温不迟的怒意终于冲破防线,抬手就想推开他,却被他顺势抓住手腕,往水里一拽。
“哗啦”一声,温不迟半个身子栽进浴桶,冷水混着热水泼了他满脸,青衫彻底湿透,贴在皮肤上,他挣扎着想站起来,却被南无歇牢牢按在怀里。
温热的胸膛紧贴侧脸,南无歇下巴抵在温不迟的发顶,声音低沉,“这样不是挺好?一起洗,省得麻烦。
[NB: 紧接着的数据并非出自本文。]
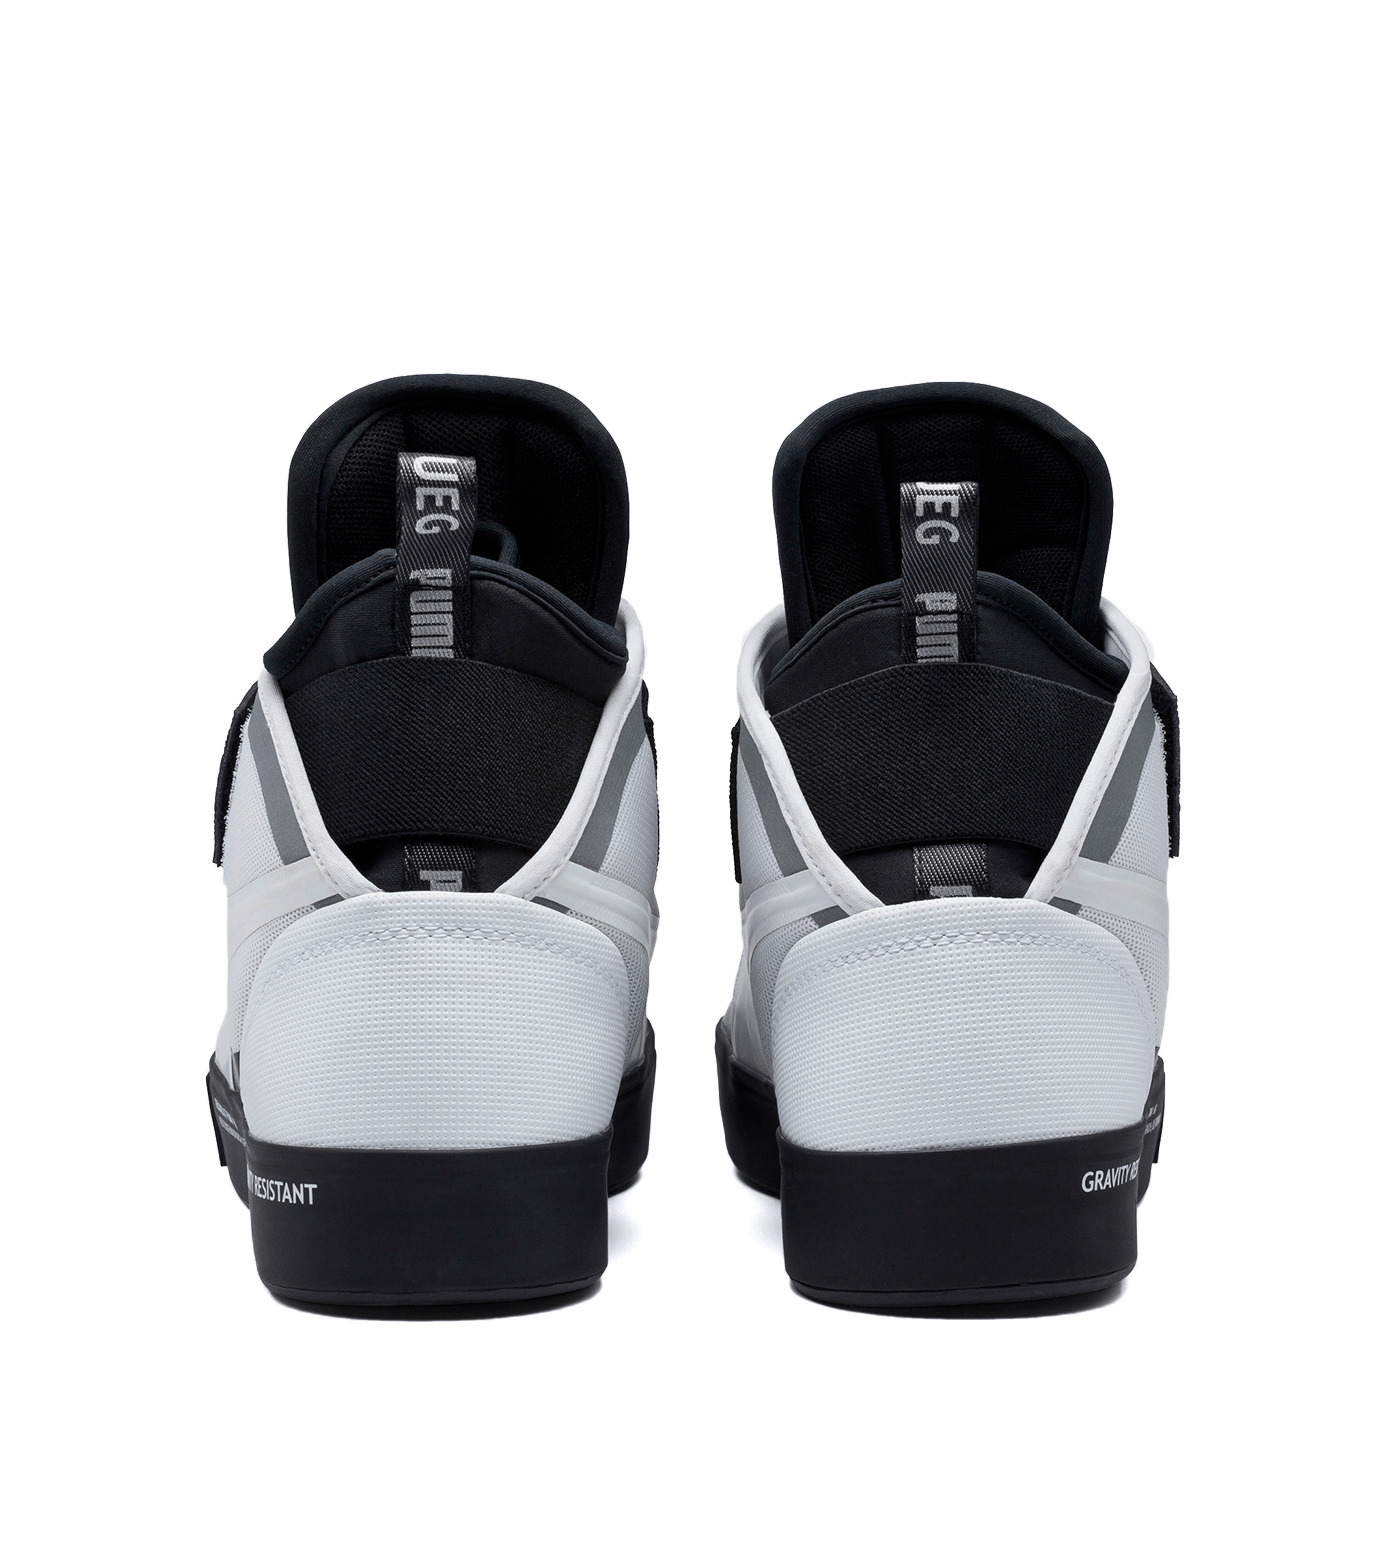 PUMA(プーマ)のCOURT PLAY X UEG-WHITE(シューズ/shoes)-361497-4 拡大詳細画像5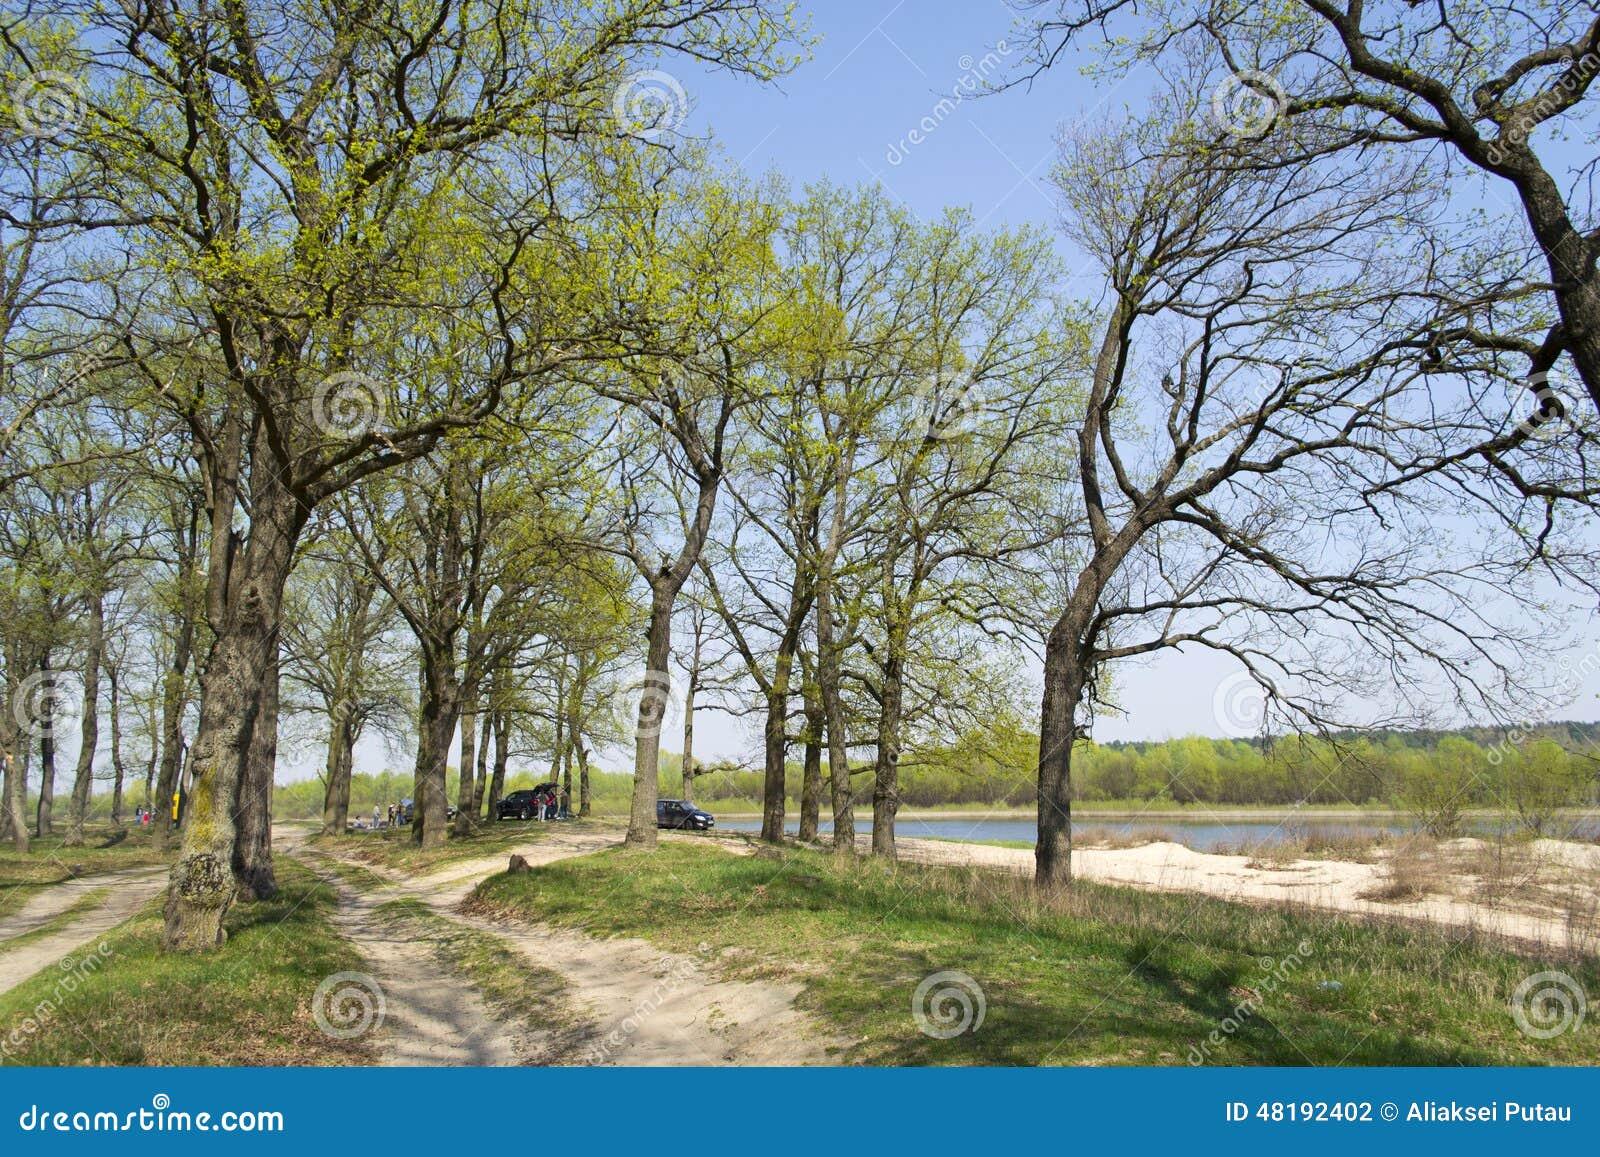 Rest on the river Bityug in the Voronezh region 92

”
温不迟闻言剧烈挣扎起来,却像撞上一堵铜墙铁壁,纹丝不动,他能闻到那股让他心慌的檀香,也能听到自己如擂鼓般的心跳。
“南无歇……”他的声音里带着压抑的怒意,还有一丝连自己都没察觉的慌乱,“你再不放开,我——”
“你想怎样?”南无歇手指轻轻解开他湿透的衣襟,“杀了我?还是……从了我?”
空气里的水汽越来越浓,将两人的身影彻底笼罩,水声、喘息声、压抑的怒意混在一起,仿佛下一秒就要炸开,却又被无形的丝线紧紧缠绕,分不开也扯不断。
南无歇并不急于将温不迟拆吃入腹,他只抬手轻轻揉着那人的喉结,又轻又慢,带着明晃晃的撩拨与侵袭。
他极其享受挑战和摧毁着对方的底线与反抗,也极其乐于欣赏对方不愿又无法抗拒的臣服姿态,他要丝丝渗透,他要将温不迟的情绪拉到顶峰,再拽着对方的脚踝拖进自己的绝对领地。
目光从眉间缓缓滑向嘴角,一寸寸描摹着,投入地感受着,温不迟的每一次吞咽和喘息他都不想放过,他要看,他要看得清清楚楚,他要将温不迟看得一干二净。